As the comment by hsinghal says, the question stipulates that the charge is on the outside, so then in the actual question, the field inside, as with a conductor, would be zero.

Forget the stipulation for the moment that the charge is spread over the outside of the sphere, just to find out how a charge inside an insulating body would behave.

If we compare the field emitting from a point charge Q to the electric field existing outside the insulating sphere.

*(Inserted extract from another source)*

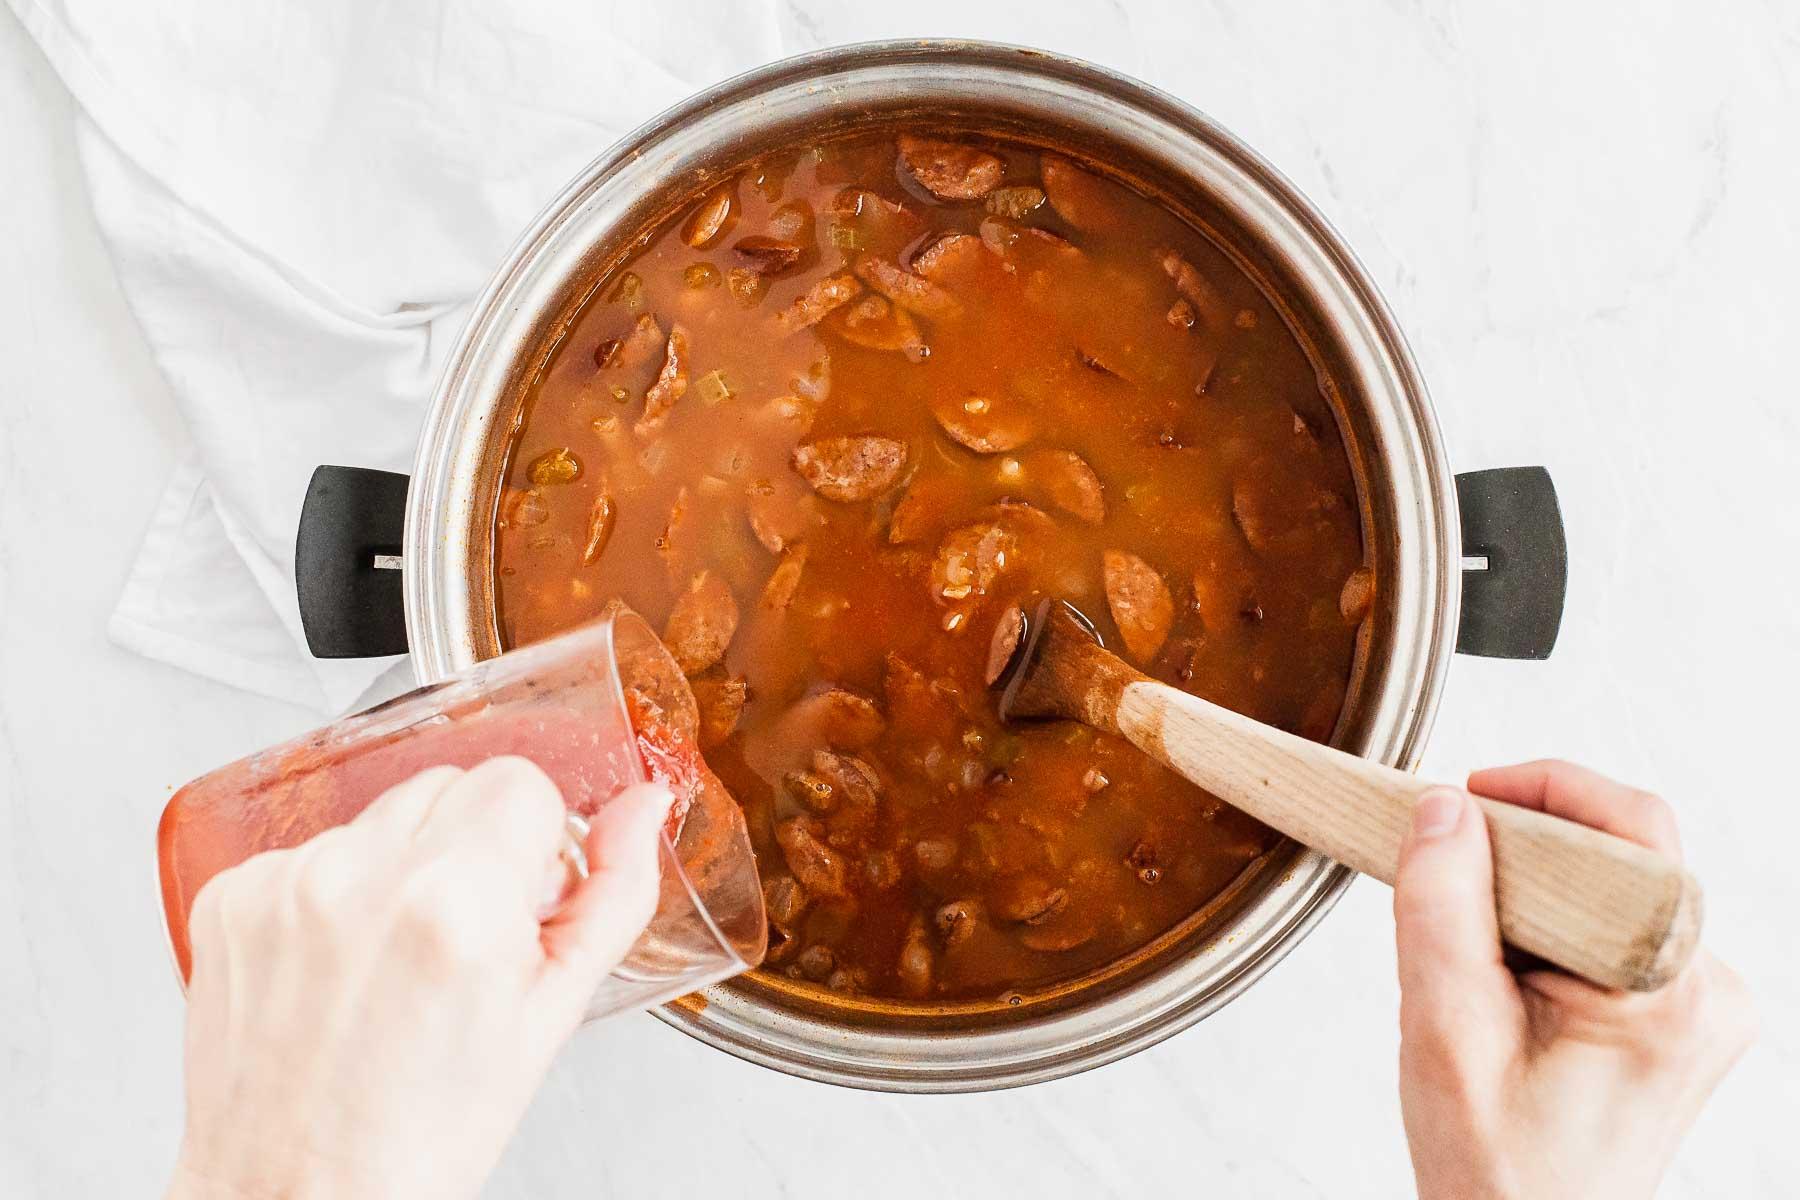 Pouring tomato puree into a soup pot.

Draw a Gaussian surface around the rubber/insulating shell.

Applying Gauss's Law will produce, in both situations,

$E = kQ/r^2$

So, outside a sphere of charge Q the field is identical to that from a point charge.

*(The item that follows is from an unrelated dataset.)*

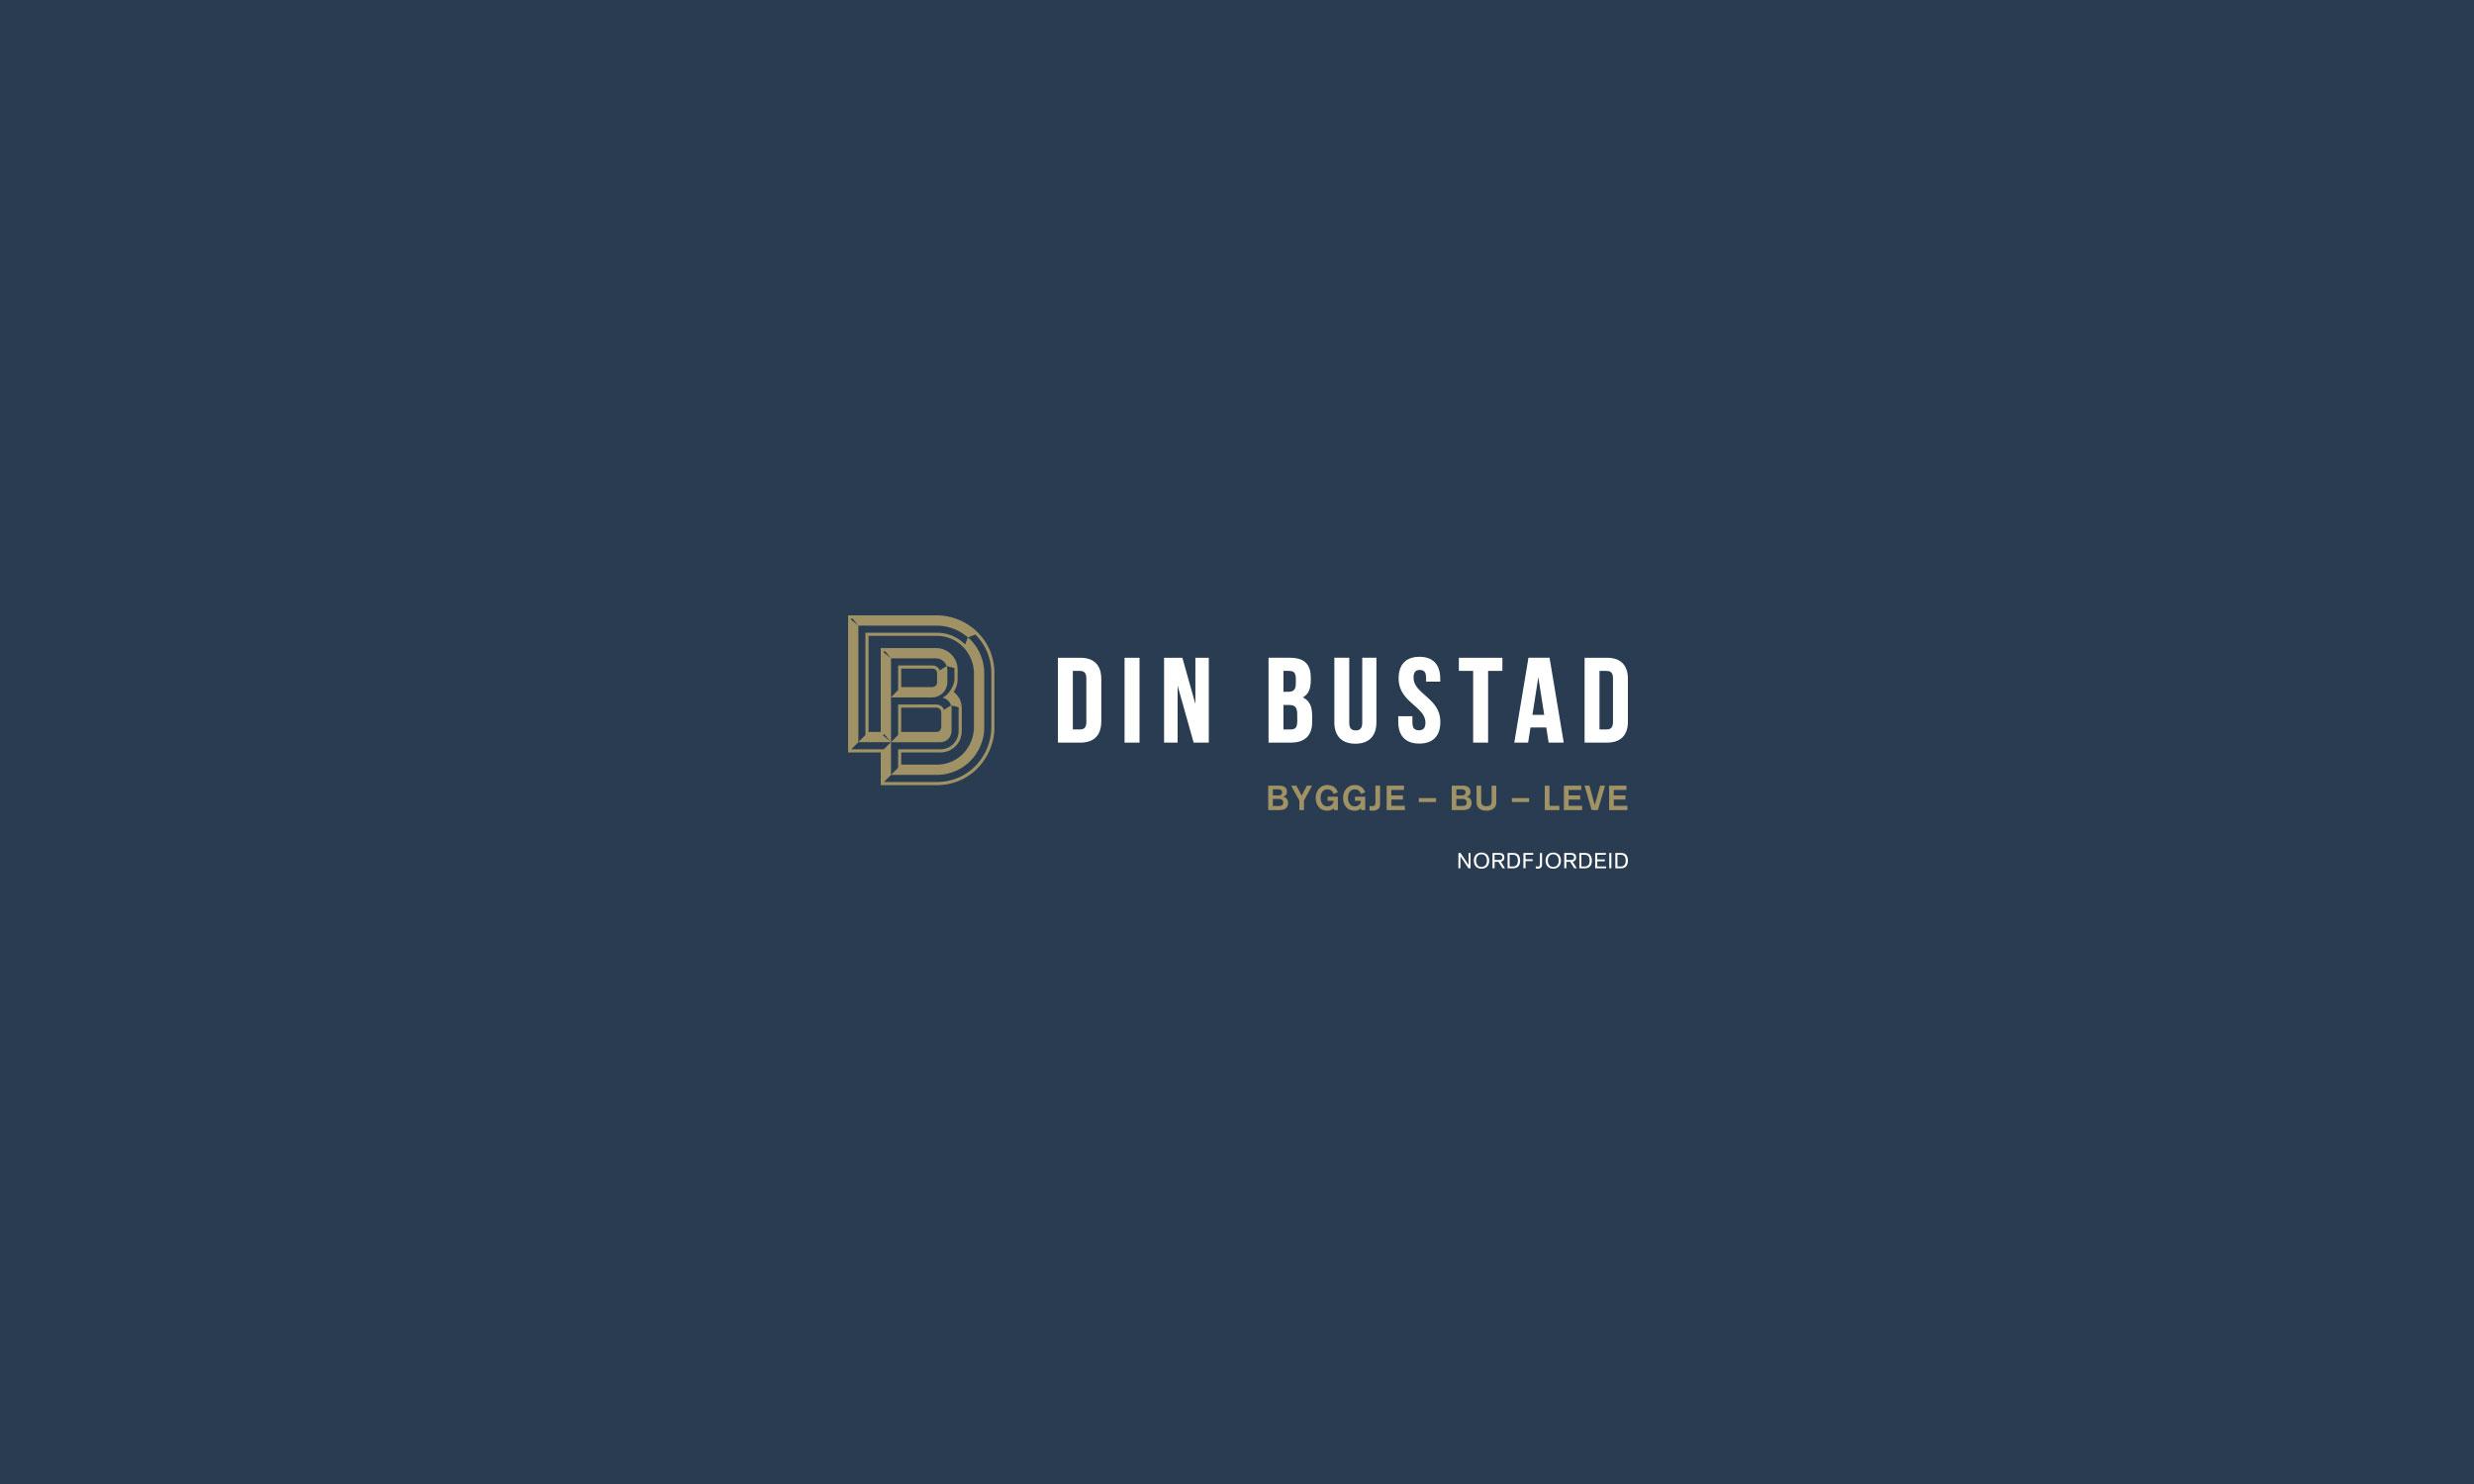 Din Bustad horizontal light logo

Now we have to find the electric field at the centre of the object.

What is the electric flux through a interior Gaussian sphere r < R, and how much charge is enclosed by the sphere?

The volume of the Gaussian sphere is:

$V_g = (4/3)\pi r^3$

The charge enclosed by the Gaussian surface is the charge per unit volume multiplied by the volume of the sphere.

The uniform charge per unit volume $\rho $ in the insulating sphere is its total charge (Q) divided by its total volume.

$\rho =\frac {Q}{(4/3)\pi R^3 }$

The charge enclosed by the gaussian surface is then:

$q_{enc} = Qr^3/R^3$

The flux through the gaussian surface is $EA = 4\pi r^2E$

Applying Gauss' Law:

Net flux = $\frac {Q }{\epsilon_0}$

enter image description here

For the electric field inside the sphere we get:

$E =\frac {Qr}{(4\pi \epsilon_0R^3)}$

So, internally the field is proportional to $r$, and externally it's proportional to $1/r^2$. At the boundary, (the insulating shell), the two equations give the same value.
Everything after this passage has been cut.